Prof. Juerg Hodler
On behalf of the IDKD
Scientifi c Directors
Gustav von Schulthess,
Department of Radiology
Lifelong learning necessitates an open attitude towards new ideas, skills and behaviour. In radiology, lifelong learning is crucial. Few other healthcare professions have to deal with such high-paced technological and organisational change. Professional radiological organisations have provided continuing medical education for a long time. The American Roentgen Ray Society (ARRS) was founded in 1900, the German Radiological Society was founded in 1905, the French Radiological Society in 1909 and the RSNA in 1915. We are also looking at Volumes 246 of Radiology, 81 of the British Journal of Radiology and 113 of the Italian journal Radiologia Medica.
Education is undergoing a transformation, bringing new opportunities as well as challenges. Both the availability of computers and computer skills have increased. Broadband internet is widely available, and nearly 20% of inhabitants in the OECD are broadband subscribers, with percentages above 30% in Denmark, the Netherlands and Switzerland. On the other hand, the ubiquity of information leads to information overload, which radiologists have to deal with at the same time as an increase in productivity demands.
In the US, workload per hour increased sharply during the last decade, by approximately 15% between 2000 and 2003 alone. Teaching has to adapt both to new opportunities and problems.
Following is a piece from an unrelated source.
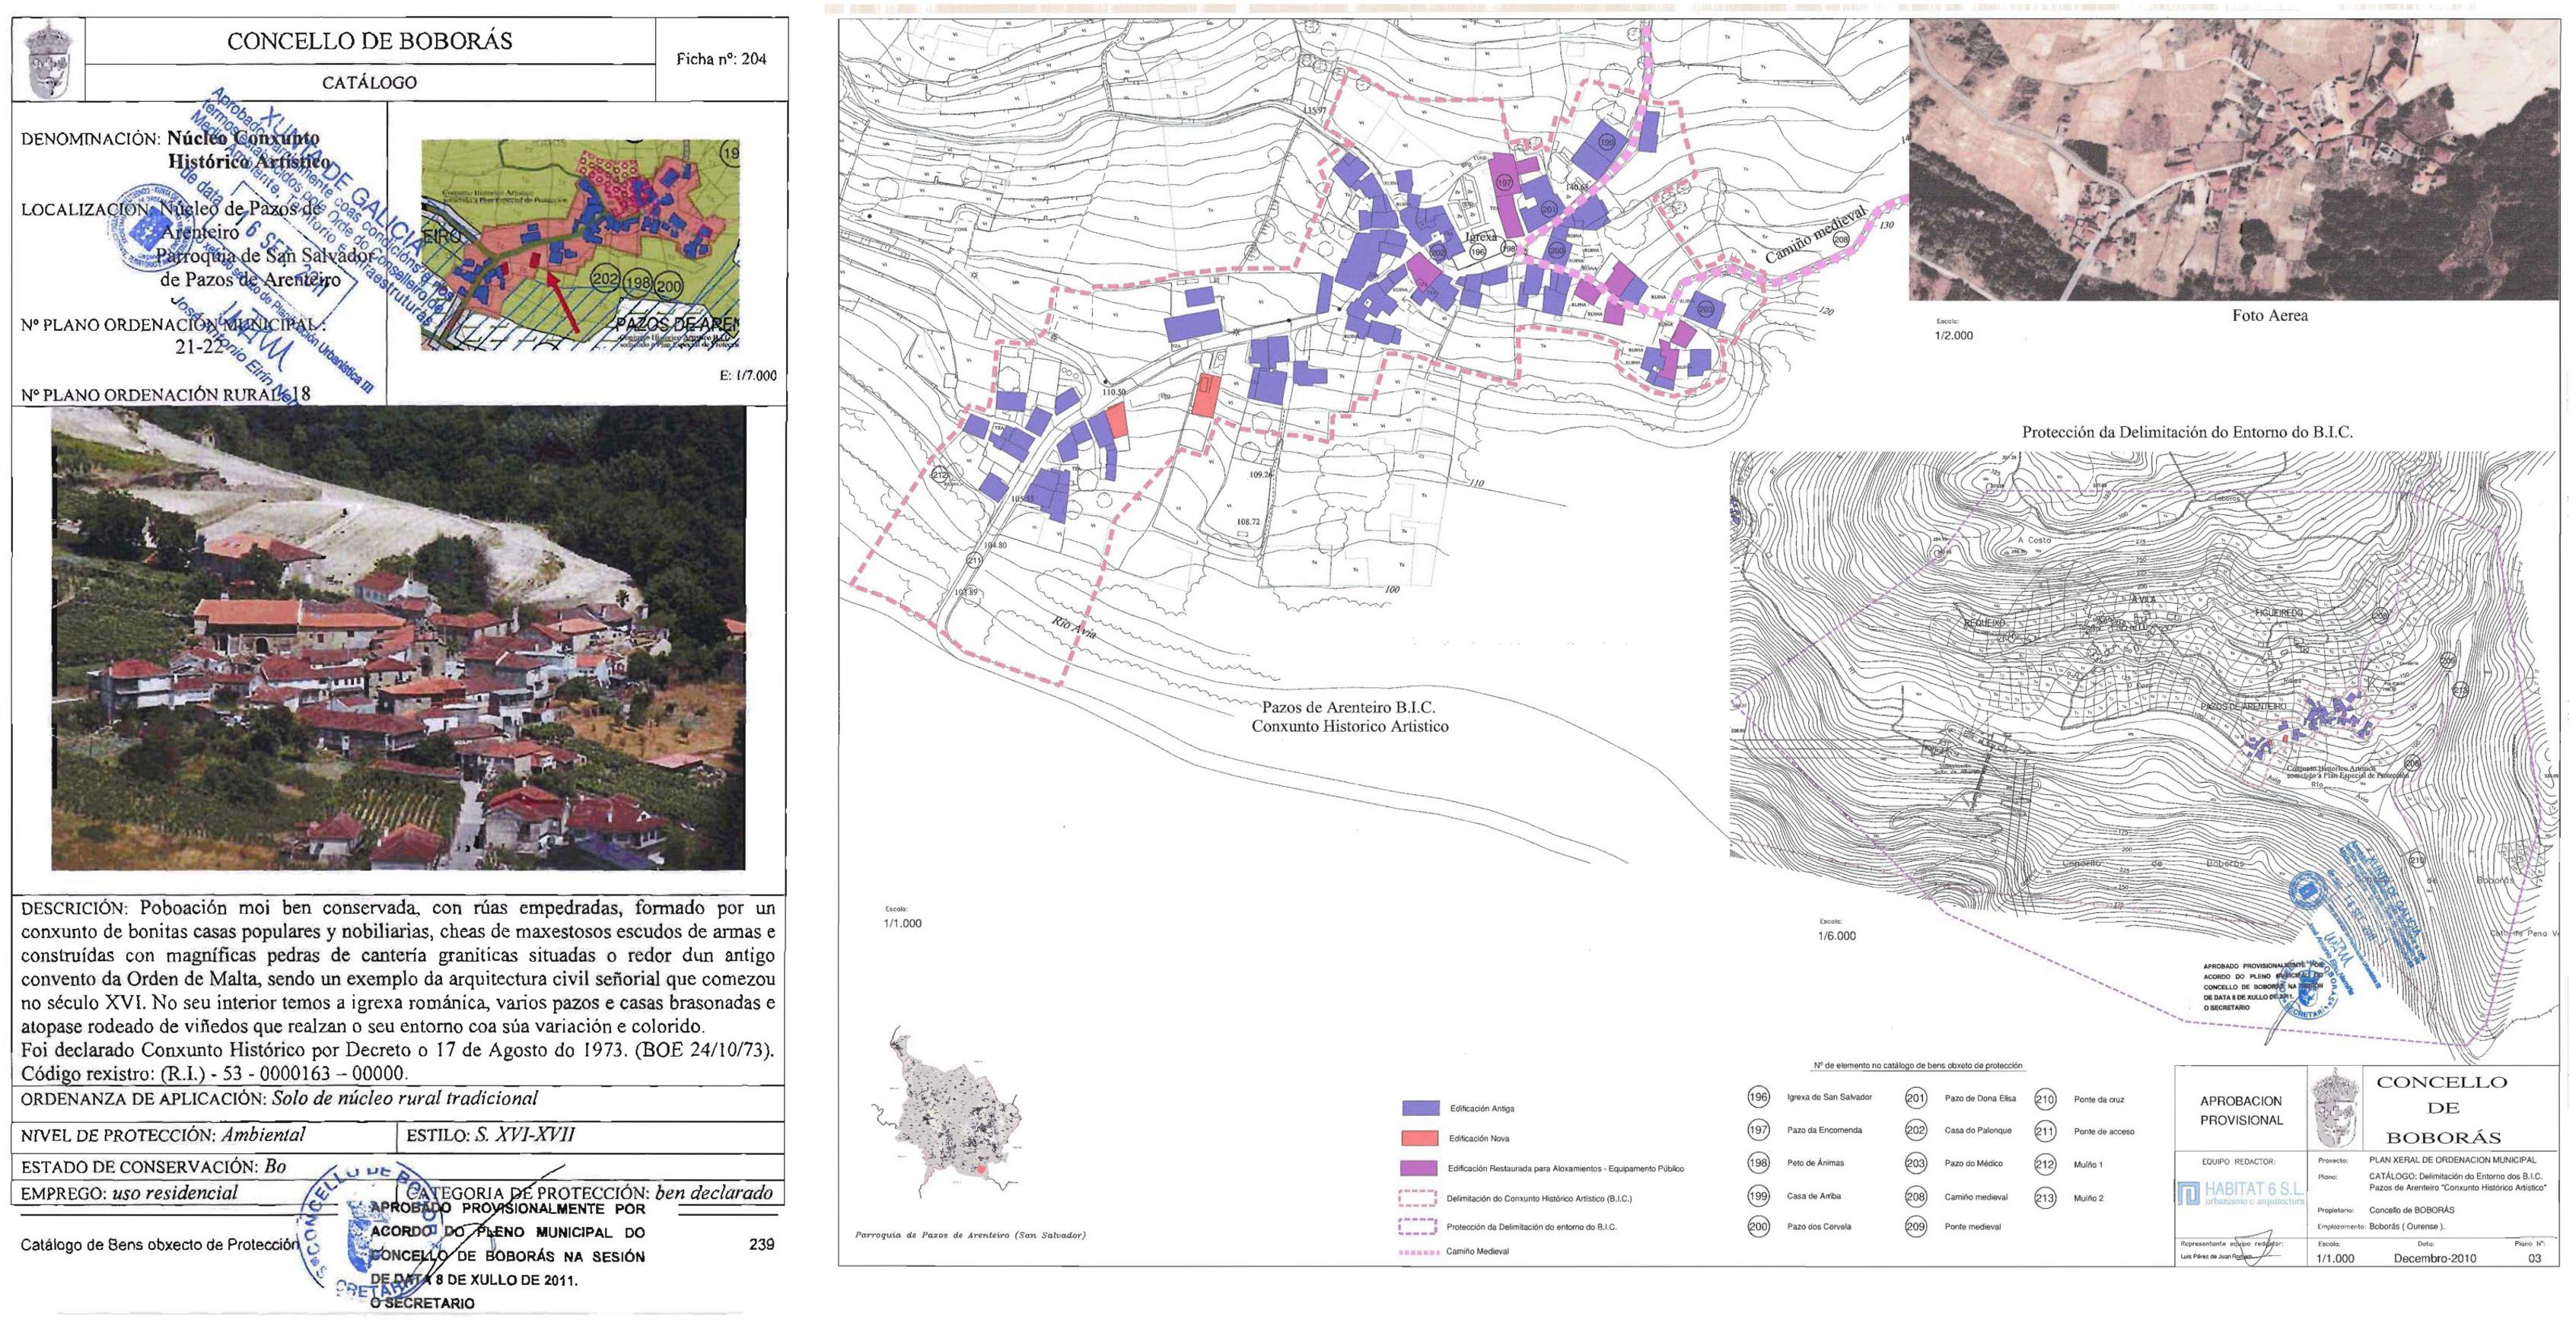 Ficha de catalogación del núcleo rural de Pazos de Arenteiro, Boborás, Ourense. Plan General de Ordenación de Boborás: núcleo conjunto histórico artístico.

The International Diagnostic Course in Davos (IDKD, or “Davos Course”) debuted in 1969, when Swiss radiologists Prof. Alois Rüttimann and Dr. Peter Braun decided to address the increasing debate regarding the need for specificity in lymphographic diagnoses by organising an interactive course in Davos, held in Dr. Braun’s clinic.
Teaching at this time was based on films and slides. However, because there were only a few lightboxes in Davos, the technical support team at Clavadel built viewboxes, and some teachers brought along their own slide projectors. The course was an immediate success and was repeated in the early 1970’s. The courses were then continued annually with changing subjects such as abdominal angiography and lung imaging in combination with lung physiology. Contemporary “big shots” were recruited, such as Ben Felson, Bob Frazer, Elias Theros and Morris Simon.
One of the reasons behind the positive response of delegates was the “spirit of Davos”, which is characterised even today by a highly interested audience, the specific interactive teaching format, the Davos hospitality and also the Swiss Alps. Very early on, methods of continuing improvement were introduced, such as questionnaires for participants. The course grew quickly, and though the congress centre was enlarged twice, its facilities were occasionally supplemented by rented meeting rooms in hotels and schools or the congress centre’s cellars had to be adapted to the needs of a medical meeting.